David Vickers 

Catherine Bott

Harewood House, York
  
  


Catherine Bott does not possess the most effortless voice in the business, yet in this imaginative concert entitled Haydn at Vauxhall Pleasure Gardens she brilliantly underlined that it's not what you've got, but how you use it.

While many angelic sopranos in this situation would have been as wooden as the famous Chippendale curtains in the Harewood House art gallery, every phrase and carefully placed decoration confirmed Bott's irrefutable integrity. She took a little while to warm up in two of Haydn's English songs, although her high notes were formidably sustained, and her emotive, breathy interpretation suited the sufferings of a sighing pastoral lover. Haydn did not specifically compose any music for the entertainments at Vauxhall Gardens, unlike William Boyce. Bott's agile coloratura was comfortable with the demands of Boyce's music. Her semi-elaborate ornamentation was exemplary throughout the recital.
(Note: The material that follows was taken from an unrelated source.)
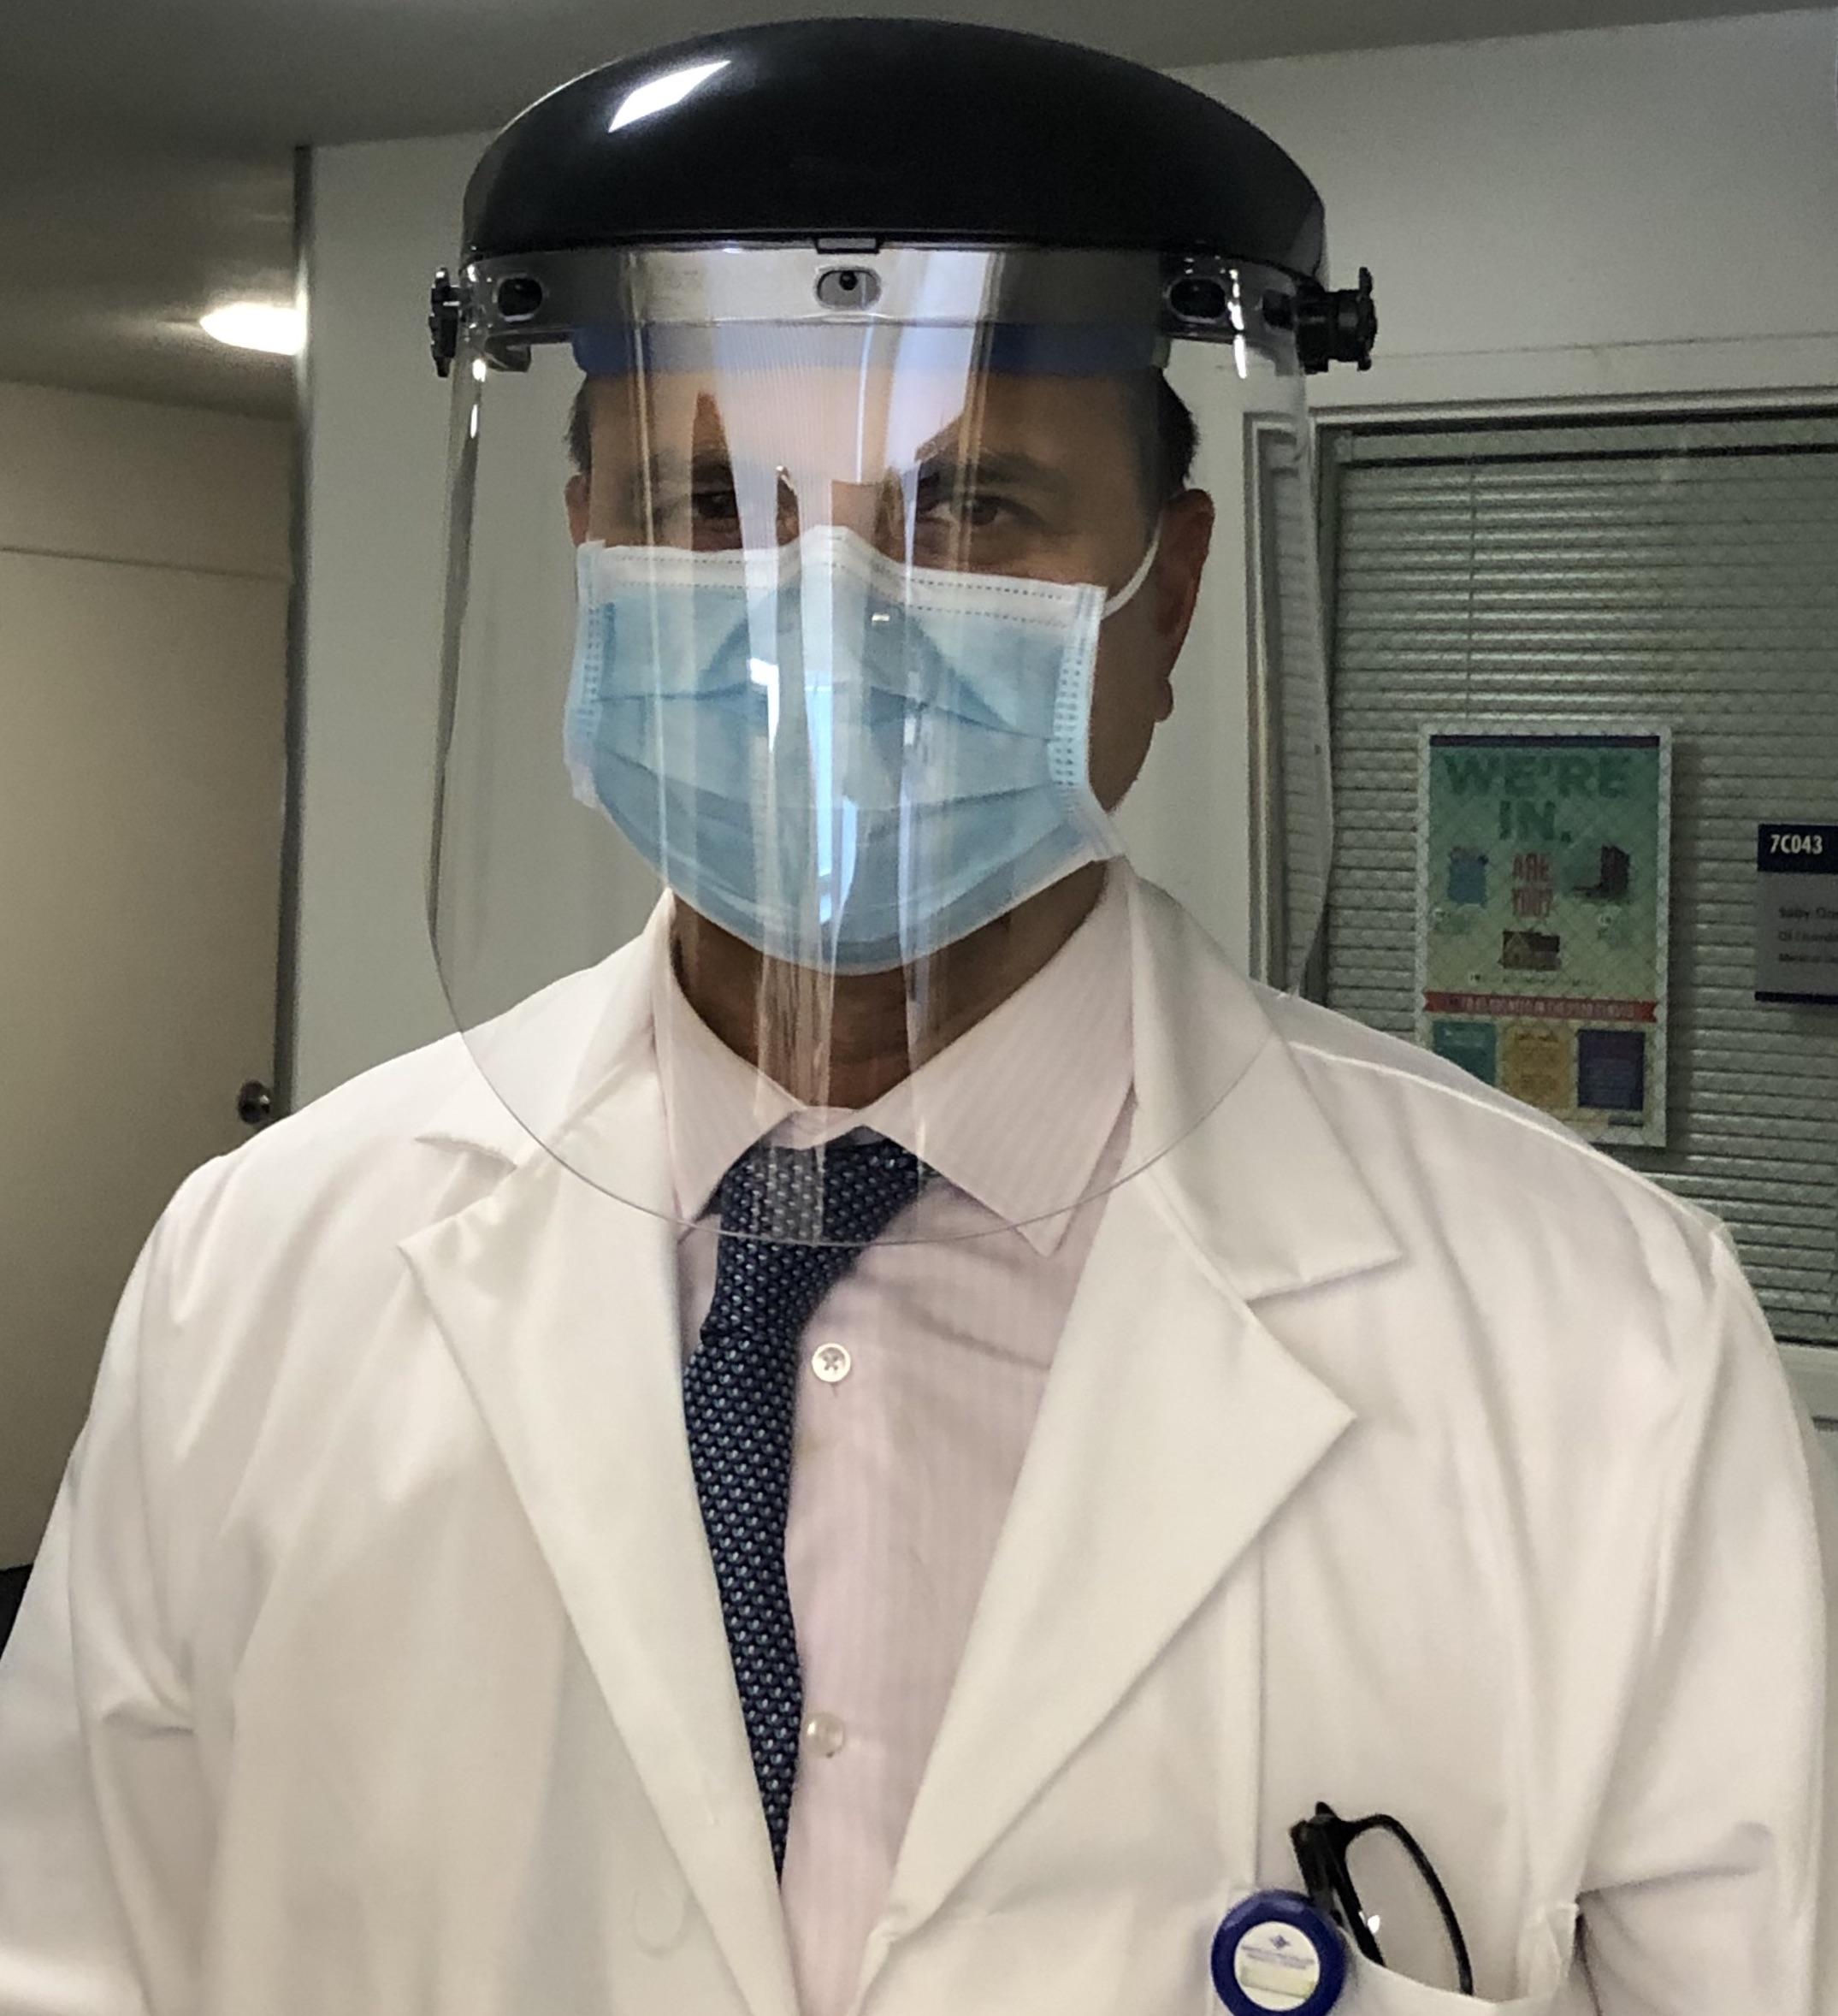 Dr. Sanjay Kurani, hospital medical director at the Santa Clara Valley Medical Center, models a plastic face shield worn over a surgical mask.

Co-conspirator David Owen Norris provided animated accompaniments, and stretched the dynamic envelope of his fortepiano. Occasionally Norris exaggerated effects too much, yet it is fair to observe that much of the music on offer was never intended to be subtle. For instance, Bott and Norris did not take Johann Christian Bach's masterfully trivial song, Ah, Seek to Know, very seriously. Instead of making extravagant claims for its greatness as high art, they simply played it for laughs and had tremendous fun.

Songs by James Hook and Thomas Linley were given the same comic yet affectionate treatment. Bott's most endearing quality is her skill at communicating with her audience, both through her theatrically physical singing and approachable witty banter. She observed that much of this music "features possibly the most banal lyrics ever, and was intended to be sung while people were drunk, gambling, and snogging". Naturally, the Harewood audience was rather more polite and attentive, yet regular soft chuckling enhanced the elegant environment.

Bott's emotional and entirely serious delivery of Haydn's cantata Arianna a Naxos leapt into a sublime and powerful musical world. Yet, like the lighter songs, it proved Bott is in a class of her own as a performer who can communicate. This was not a highfalutin recital despite some sophisticated elements yet, perhaps like an evening at the pleasure gardens, it found ample justification in being a charming and entertaining experience.